Articles 30, 48, 52 and 59 After Keck & Mithouard, and Protection of Rights Arising From Directives After Faccini Dori


2 Colum. J. Eur. L. 217 (1996)

Walter van Gerven. Former Advocate-General, European Court of Justice. Professor at the Universities of Leuven (Belgium) and Maastricht (the Netherlands).

The purpose of this article is to give an overview of the case law of the European Court of Justice (hereinafter the Court). It is primarily meant to put the recent case law of the Court in perspective, not to comment on it.

I. RECENT CASE LAW RELATING TO ARTICLES 30, 48, 52 AND 59.

A. The Broad Scope of Application of Articles 30, 48, 52 and 59.

  1. It is common knowledge that Article 30 EC, prohibiting “all measures having equivalent effect” to quantitative restrictions on imports of goods between Member States, has been broadly interpreted by the Court of Justice in its Dassonville judgment of July 11, 1974. The Court, following Directive 70/ 50, of December 22, 19691 (the Commission’s interpretation of the prohibition of Article 30) read Article 30 as prohibiting not only all kinds of national measures discriminating against goods imported from other Member States as compared to domestic goods, but also “all trading rules enacted by Member States which are capable of hindering directly or indirectly, actually or potentially, intra-Community trade” (para. 5), even although they are non-discriminatory. In the Community law terminology, the latter are national measures which are “indistinctly applicable” to domestic and imported goods.

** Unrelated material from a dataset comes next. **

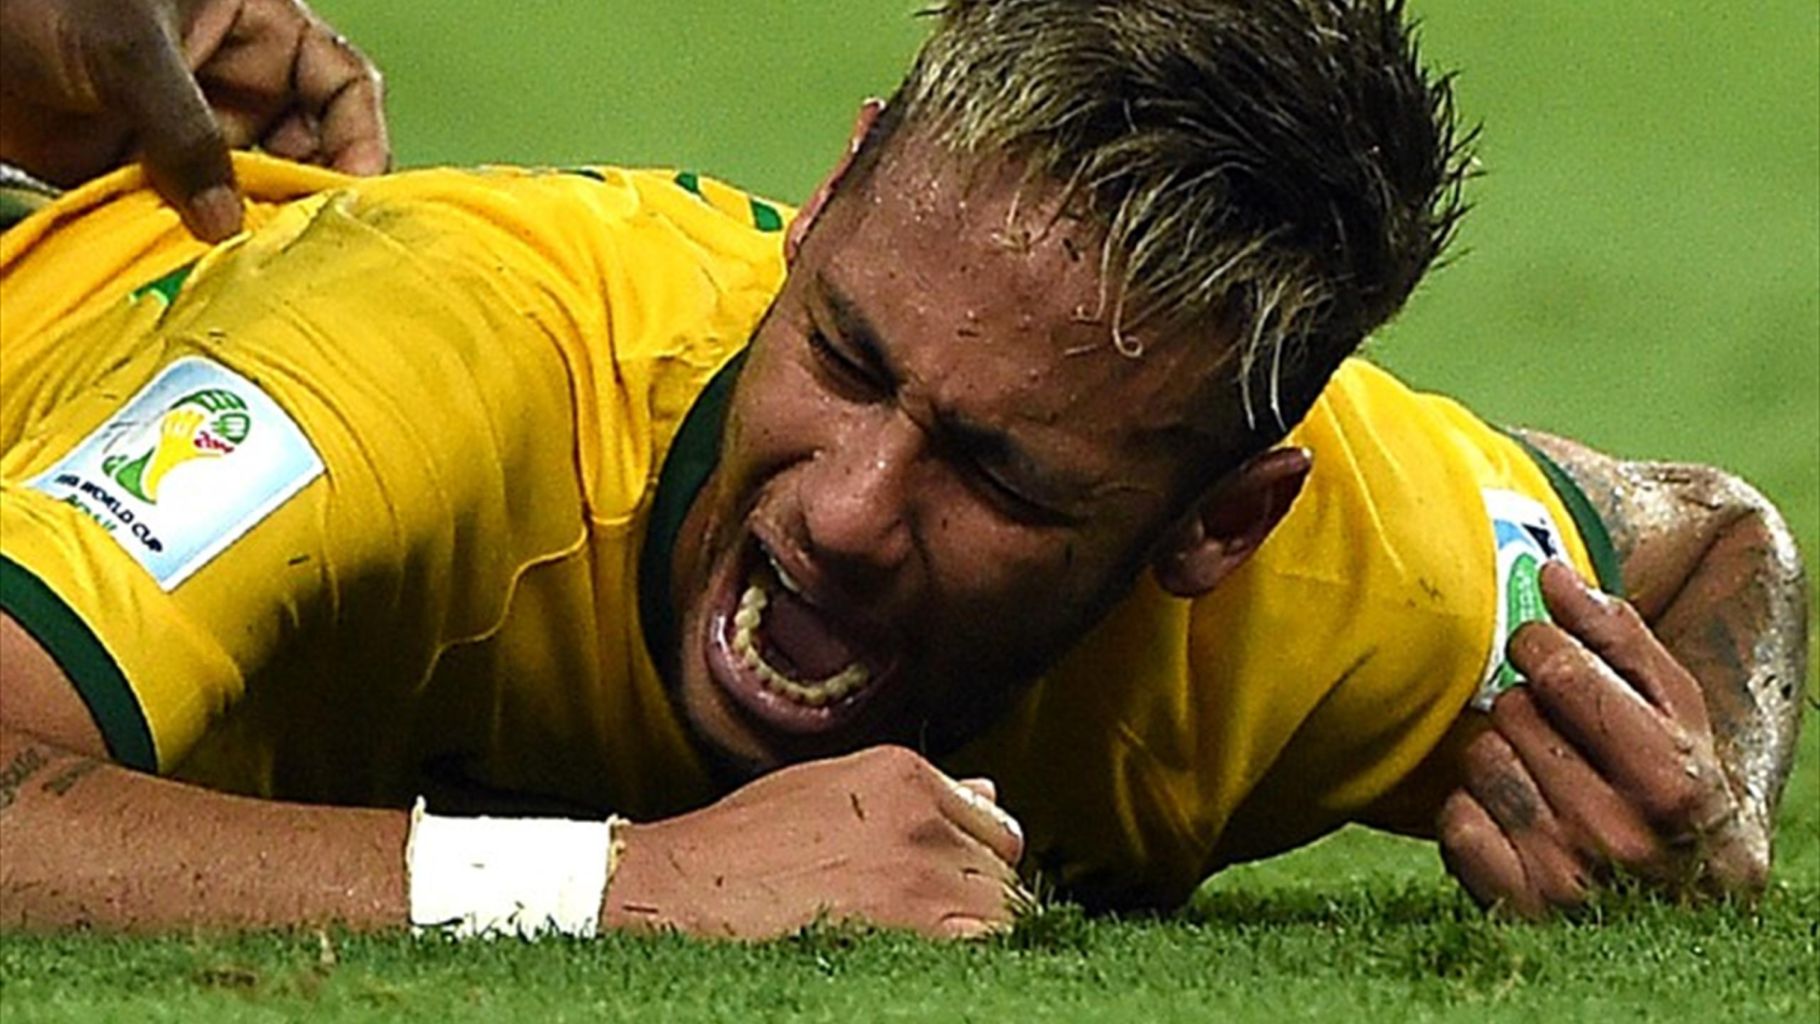 Neymar face of pain, after his vertebra fracture injury, in the World Cup

Although the prohibition in Article 34 with respect to exports is expressed in the same language as Article 30’s prohibition on imports, the terms “all measures having equivalent effect” as quantitative restrictions on exports of goods have not been interpreted by the Court along the lines of the Dassonville formula. Instead, in its Groenveld decision the Court held that Article 34 is exclusively concerned with “the establishment of a difference in treatment between the domestic trade of a Member State and its export trade, thus making the prohibition of Article 34 dependent on the presence of discrimination. The reason for the different approach is that non-discriminatory national measures, affecting export goods the same way as goods for domestic consumption, do not impose dual standards on the manufacturer at the stage of production. (In contrast, imported goods are subject to double standards – those of the exporting Member State and those of the importing Member State). If dual standards are imposed upon the exporting manufacturer because of the national rules in the Member State of import, these rules may be challenged under the Dassonville ruling.

  1. It took the Court a long time to indicate whether the “sister” prohibitions of Article 30 – Article 59 in the field of services, Article 52 in the field of establishment, and Article 48 in the field of workers – were to be interpreted in the same way: that is, also applicable to “indistinctly applicable” national provisions. With respect to services the Court favored such a broad interpretation of Article 59 in its Sager judgment of July 25, 1991. In that decision, the Court was responding to a preliminary question raised in the course of domestic proceedings by a German patent agent, Mr Sager, against an English company, Dennemeyer & Co Ltd. Dennemeyer provided patent renewal services in several countries, including Germany. These services included the storing of information about clients’ patents in a computer, informing clients when renewal fees fell due, and paying the fees on their behalf. Sager argued that under German law Dennemeyer could not provide these services with respect to German patents, as it did not hold the special license required by German law for providing such services. In its decision, the Court held that Article 59 required not only the abolition of all nationality-based discrimination against a person providing services, but also the abolition of any indistinctly applicable restriction which prohibits or otherwise restricts a provider of services established in another Member State who lawfully provides similar services there. Therefore the German license requirement, even though it did not discriminate on the basis of nationality, was struck down as a restriction in violation of Article 59.

Interestingly enough, in its more recent decision of May 10, 1995, Alpine Investments BV, the Court declared Article 59 equally applicable to national rules (in that case rules prohibiting providers of investment services from making unsolicited telephone calls to potential clients) which prevent offers of services in general including those made to other Member States. In its decision, the Court concentrated immediately on the question whether the prohibition could constitute a restriction on freedom to provide services in another Member State. It answered that question in the affirmative as the prohibition “deprives the operators concerned of a rapid and direct technique for marketing and for contacting potential clients in other Member States.” Indeed, although such a prohibition “is a generally applicable measure . . . [and] . . . not discriminatory,” it “directly affects access to the market in services in the other Member States and is thus capable of hindering intra-Community trade in services.”